All Products
Search
Document Center

DataWorks:Configure a batch synchronization task to synchronize data from tables in sharded databases

Last Updated:Dec 10, 2024

DataWorks allows you to configure a batch synchronization task by using the codeless user interface (UI) or code editor. You can configure a batch synchronization task to synchronize data from tables in sharded databases to a single table. In this example, a batch synchronization task is configured to synchronize data from tables in sharded MySQL databases.

Prerequisites

The data sources from which you want to read data and to which you want to write data are prepared. For more information, see Supported data source types, Reader plug-ins, and Writer plug-ins.

Background information

The following table compares the configuration methods of batch synchronization tasks for synchronizing data from tables in sharded databases to a single table.

Comparison item

Sharded data source + codeless UI (recommended)

Common data source + codeless UI

Code editor

Support for the codeless UI

Supported.

Supported.

Not Supported.

Support for specifying source table names by rule

Specifying source table names based on a regular expression is supported. When the related synchronization task is run, the synchronization task matches tables based on the regular expression and synchronizes data from the matched tables.

Not supported.

Specifying source table names based on a number range is supported. Example: tb_[1-10]. The numbers in the range must be consecutive, and each table specified by the range must exist.

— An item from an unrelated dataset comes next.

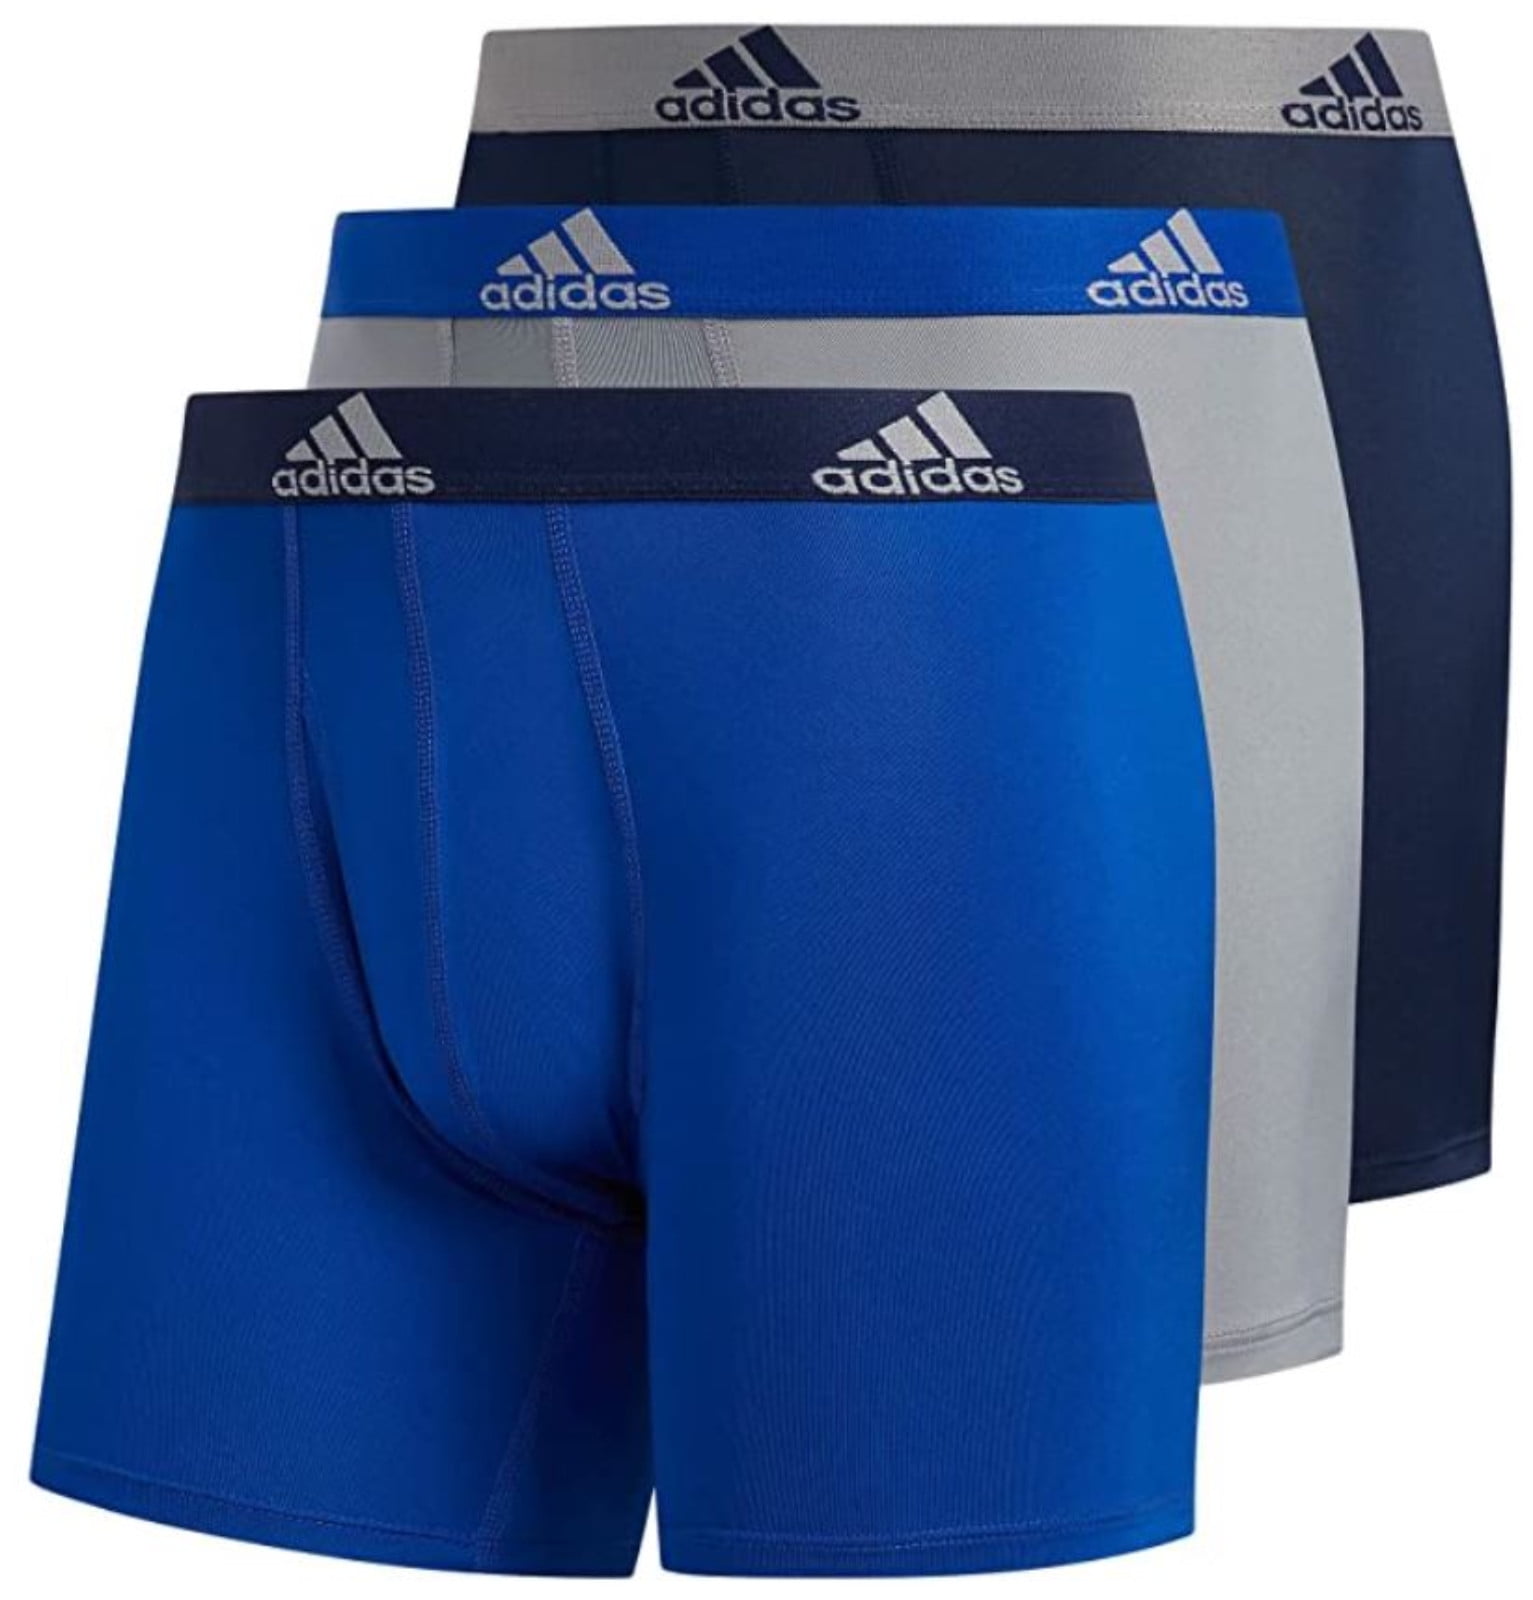 Adidas Men's Performance Boxer Brief Underwear (3-Pack) - Royal/Grey ...

Consistency of table schemas

A policy for missing fields can be configured. Missing fields in some source tables are allowed, and the corresponding fields are synchronized to the destination as NULL values.

The schemas of all source tables must be the same.

Reference for field mappings

Fields in the first mapped table in the meta data source specified for the sharded data source are used as references for field mappings.

Fields in the first table in the first data source are used as references for field mappings.

You must manually specify the fields for which you want to configure mappings.

Number of supported data sources

A maximum of 5,000 data sources are supported.

We recommend that you configure no more than 50 data sources.

Requirement for modifying or deploying the related synchronization task if data sources are changed

You do not need to modify or deploy the synchronization task. After you change the data sources for the synchronization task, the change takes effect when the latest instance generated for the synchronization task is run.

You must modify and deploy the synchronization task. You must add the required data source for the synchronization task and specify the names of tables from which you want to synchronize data.

Supported data source types

MySQL and PolarDB

MySQL, PolarDB, and AnalyticDB

MySQL, PolarDB, AnalyticDB, SQL Server, Oracle, PostgreSQL, DM, DB2, and Oracle

Sharded data source + codeless UI

  1. Go to the Data Integration page.

    Log on to the DataWorks console. In the top navigation bar, select the desired region. In the left-side navigation pane, choose Data Development and Governance > Data Integration. On the page that appears, select the desired workspace from the drop-down list and click Go to Data Integration.

  2. In the left-side navigation pane of the Data Integration page, choose Data Sources > Data Sources. On the Data Sources page, click Add Data Source. In the Add Data Source dialog box, select the desired data source type. This method supports only MySQL and PolarDB data sources.

  3. Add each desired database to DataWorks as a common data source. In this example, MySQL sharded databases are added as common data sources. For more information, see Add and manage data sources in Data Integration.

    image

  4. Merge multiple common data sources into one sharded data source and use the sharded data source as the source of a synchronization task.

    1. In the Add Data Source dialog box, click Sub-warehouse and sub-table.image

    2. Select a data source type based on your business requirements and configure the related parameters. In this example, MySQL is selected.

      image

      Take note of the following parameters:

      • Data Source Name: Specify a name based on your business requirements.

      • Select Data Source: Select the common data sources that are added.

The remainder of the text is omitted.